W piątek pod koniec sesji polska waluta osłabiła się wobec koszyka walut o 0,2-0,3 proc. w porównaniu ze środowym zamknięciem. Na rynku papierów dłużnych w piątek ceny obligacji wzrosły.
Już w środę po południu zaczęła się korekta. W czwartek, kiedy w Polsce było święto, zagranica dalej osłabiała złotego i w piątek odchylenie złotego od parytetu krążyło wokół poziomów między 9,8 proc. a 10,1 proc. – powiedział Paweł Gajewski z WestLB.
W środę złoty, po osiągnięciu nienotowanego od siedmiu lat rekordowego poziomu wobec dolara, pod koniec kwotowań osłabił się. Kurs polskiej waluty wobec dolara wyniósł 3,28 zł za dolara. Euro kosztowało 4,26 zł.
Według Gajewskiego, ostatnie umacnianie się złotego musiało doprowadzić inwestorów do chęci zrealizowania zysków. "Musiało dojść do takiej korekty, bo złoty wzmacniał się pod wpływem dużego zlecenia i kiedy ono przeszło, realizacja zysków była naturalna" - powiedział Gajewski.
W piątek o 15.40 za euro płacono 4,2850 zł, za dolara 3,3250 zł. Euro kosztowało 1,2888 USD.
Odchylenie złotego od parytetu powinno przez następny tydzień wahać się między 9,5 a 10,5 proc. Dużo zależy od kursu euro do dolara. Jeśli będzie on szedł do góry, to złoty ma szansę oscylować koło górnej granicy odchylenia – dodał Gajewski.
Na rynku papierów dłużnych spadła rentowność obligacji. Inwestorzy nadal są zainteresowani polskimi obligacjami.

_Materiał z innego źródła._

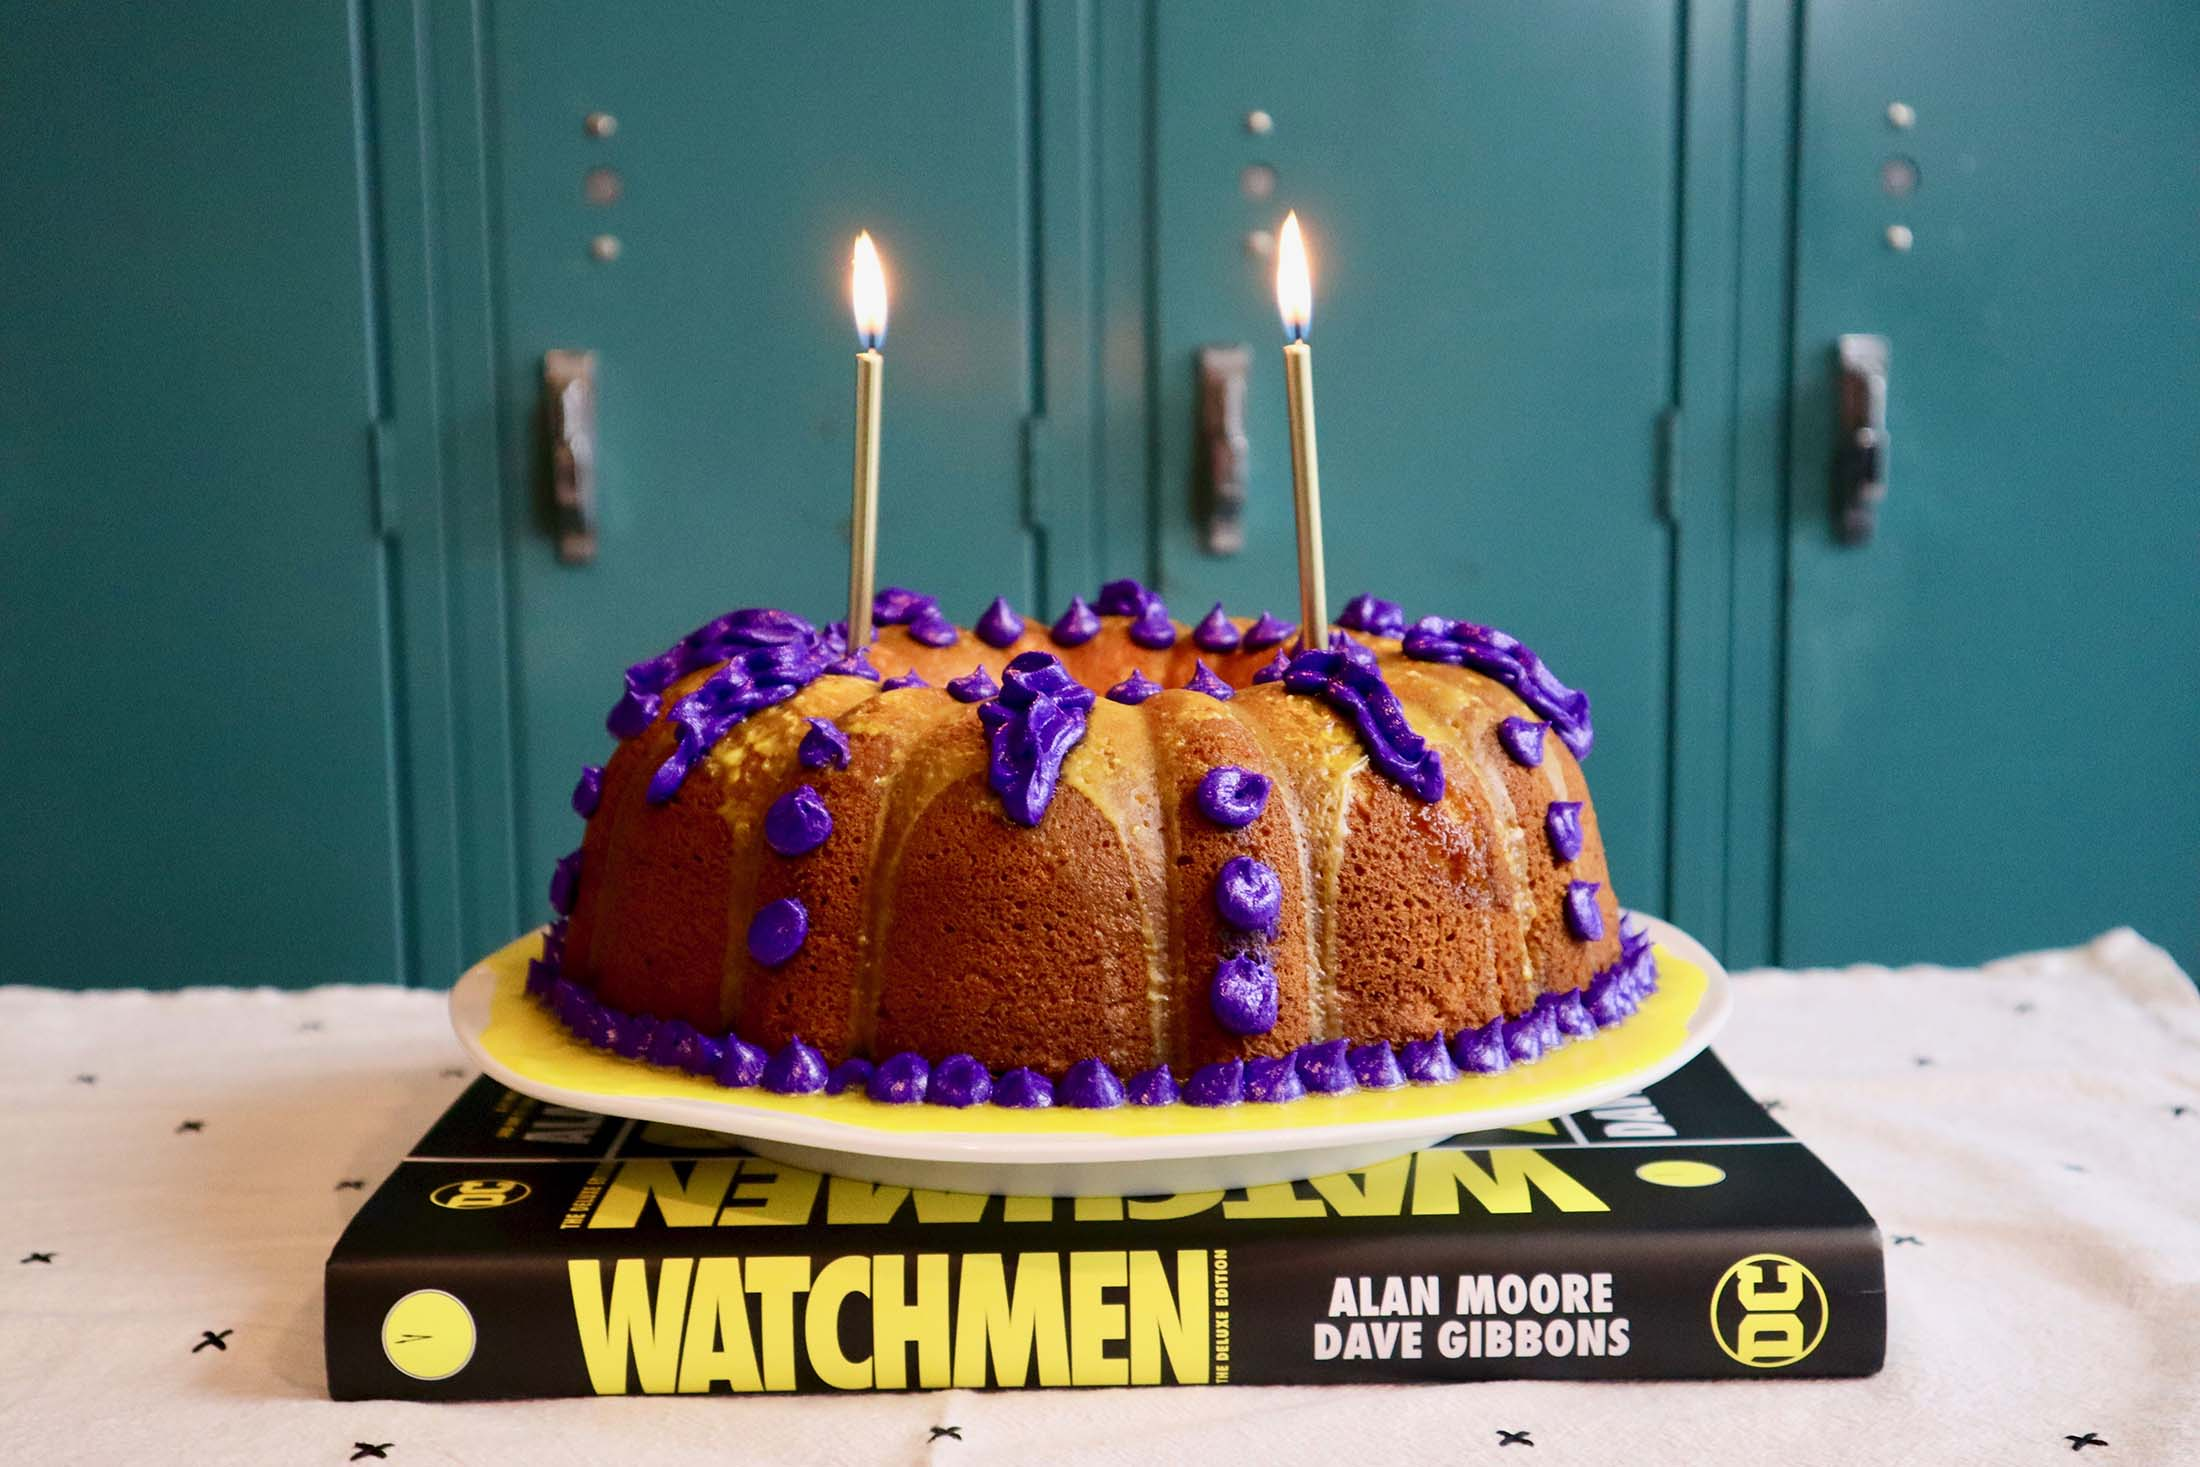 Awe Inspiring Adrian Veidts Birthday Cake From Hbos The Watchmen Popcorner Personalised Birthday Cards Paralily Jamesorg

Ceny obligacji w piątek rosły przy niewielkich obrotach. Zainteresowani polskimi papierami byli przede wszystkim inwestorzy zagraniczni, chociaż były też niewielkie transakcje inwestorów krajowych – powiedział Robert Fijołek z ABN Amro. O 16.10 rentowność obligacji dwuletnich spadła w stosunku do notowań ze środy o 8 pkt bazowych i wyniosła 6,79 proc., pięcioletnich spadła o 9 pkt bazowych do 6,69 proc., a dziesięcioletnich spadła o 5 pkt bazowych do 6,42 proc.